この疑問に対する答えについては、田口善弘先生による『知能とはなにか~ヒトとAIのあいだ』(2025年、講談社現代新書)の中で重要な洞察が展開されているので、興味がある方は、ぜひご一読をお勧めします。この本の趣旨を簡単に抽出しますと、

(1)人間の脳は、現実を脳内で再現することで理解している(=脳は現実世界のシミュレーターである)。
(2)そして、生成AIも現実を再現(シミュレート)するものである。
(3)ただし、人間の脳と生成AIでは、再現するために使っているシミュレーターのメカニズムが別ものである。

 となります。(1)に関して補足すると、「人間の脳は、現実世界をそのままの姿で認識しているわけではない」という事実が重要です。田口先生はこの点を説明するために、「古典力学」と「量子力学」の対比を用いています。人間が世界を認識する際、その仕組みは、古典力学的な枠組みに基づいています。具体的に言うと、人間は「物が存在するか、しないか」という二分法で世界を捉えます。

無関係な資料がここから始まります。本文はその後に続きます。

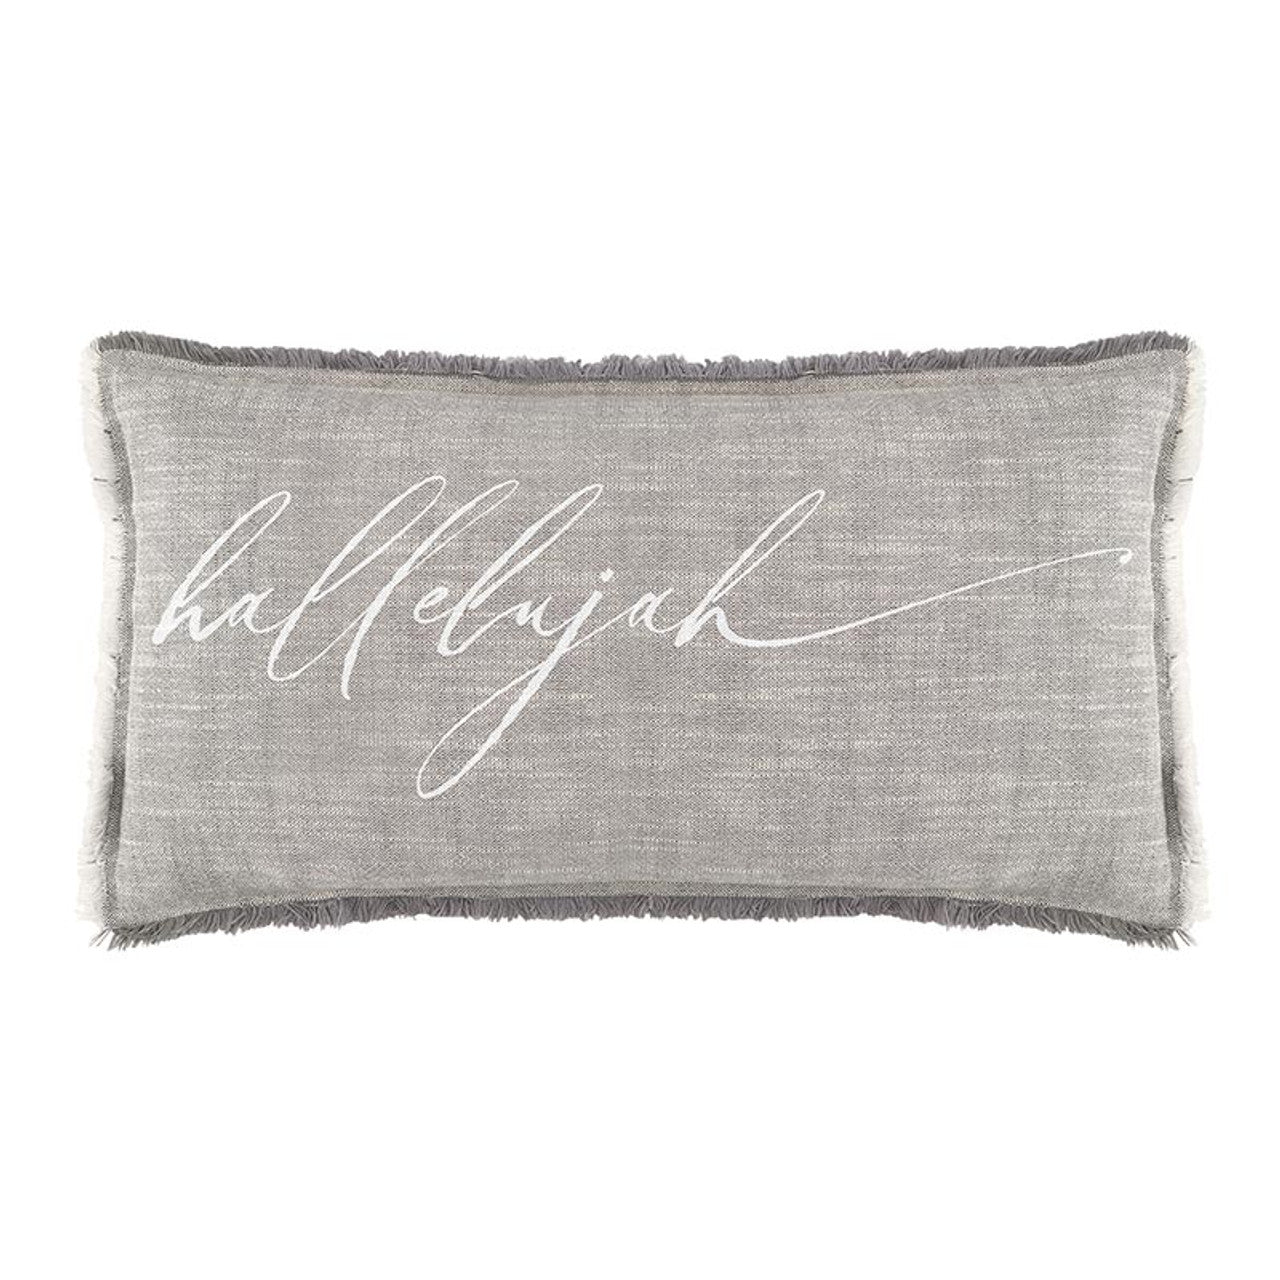 This Fringed Hallelujah Lumbar Pillow is perfect for bringing some faith into your home décor. It is crafted from quality 100% cotton fabric and filled with a duck feather down insert. The pillow is dark gray with white lettering and features a hidden zipper for easy removal. Measuring 29" W x 14" H, it is sure to add a special touch to your space.

「そんなの当たり前だろう」という声が聞こえてきそうですが、現代の量子力学の洞察によれば、物の存在は「確率的」にしか記述できないそうです。観測されるまでは、ある粒子が「ある場所に存在する/しない」という形ではなく、複数の可能性が重なり合った状態(重ね合わせ)にあるのです。

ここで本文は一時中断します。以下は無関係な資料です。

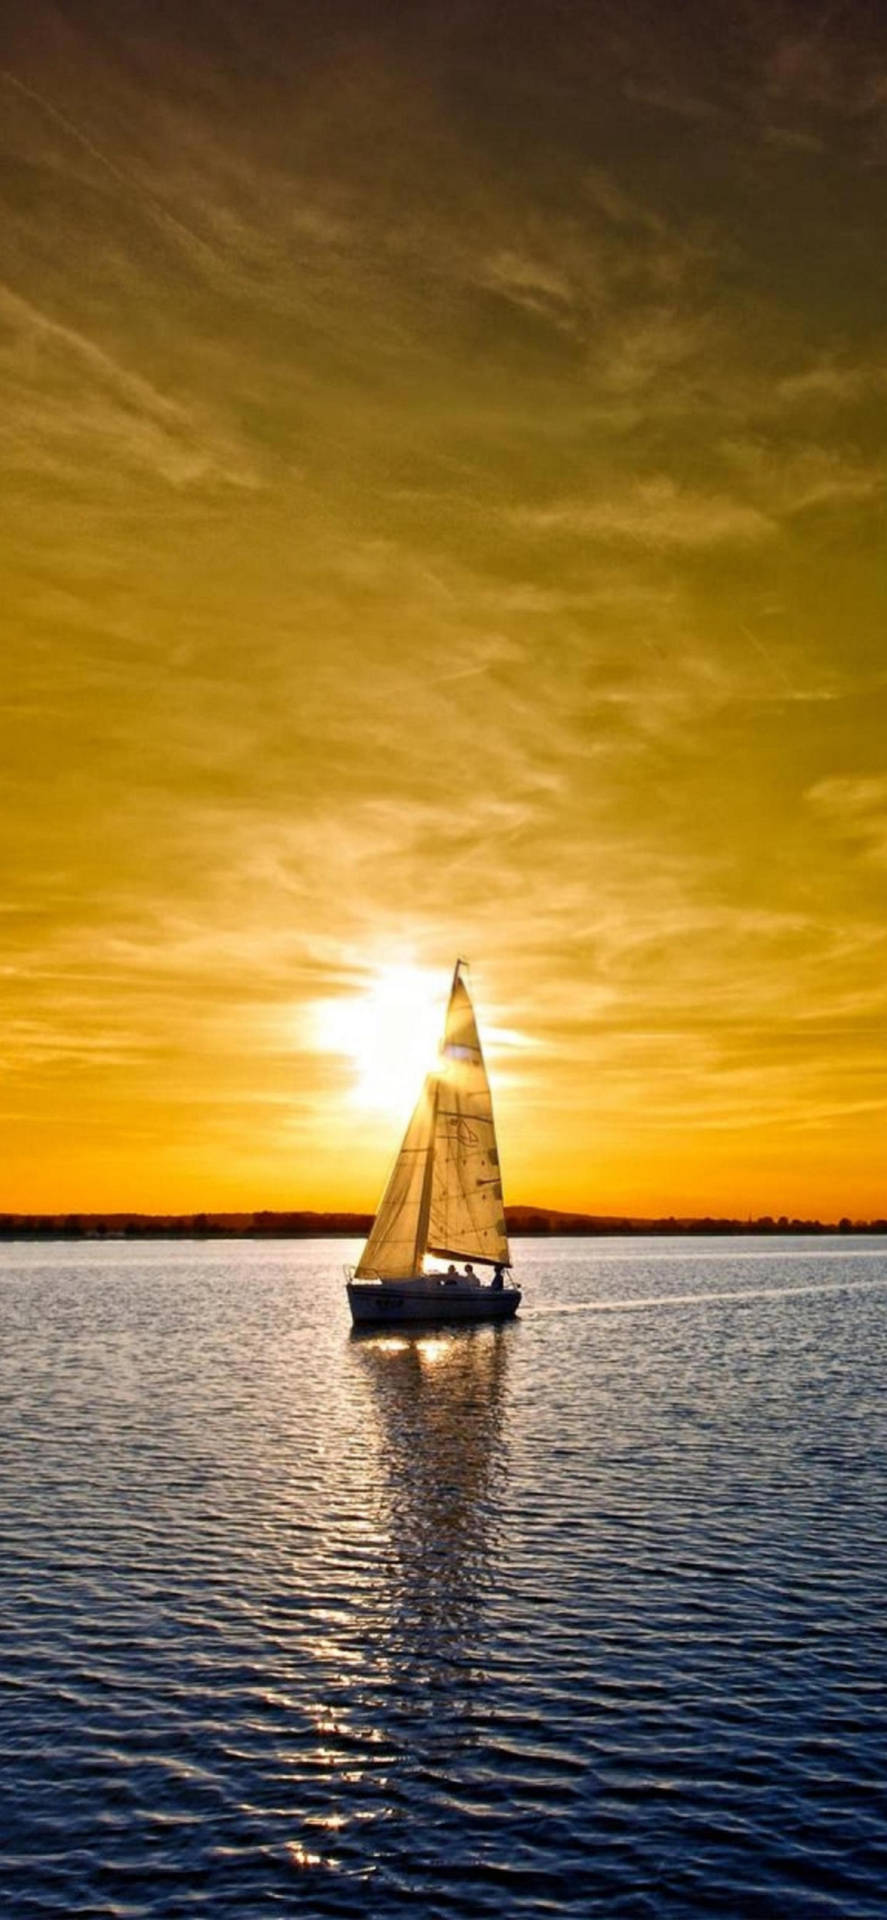 Iphone 13 Pro Max Sailboat Background

 ところが、人間の脳はこのような量子力学的な世界をそのまま捉えることはできません。私たちの認識は、「確定的」な枠組みに縛られており、「確率的」な現実のあり方を直接的に把握することはできません。

 つまり人間の脳には人間の脳なりの世界の理解の仕方があるのです。しかし、その「理解」は「現実そのもの」ではない、というのが重要な点です。量子力学的な世界をそのまま認識できる宇宙人がいたとして、その宇宙人が人間を観察したら、当惑するかもしれません。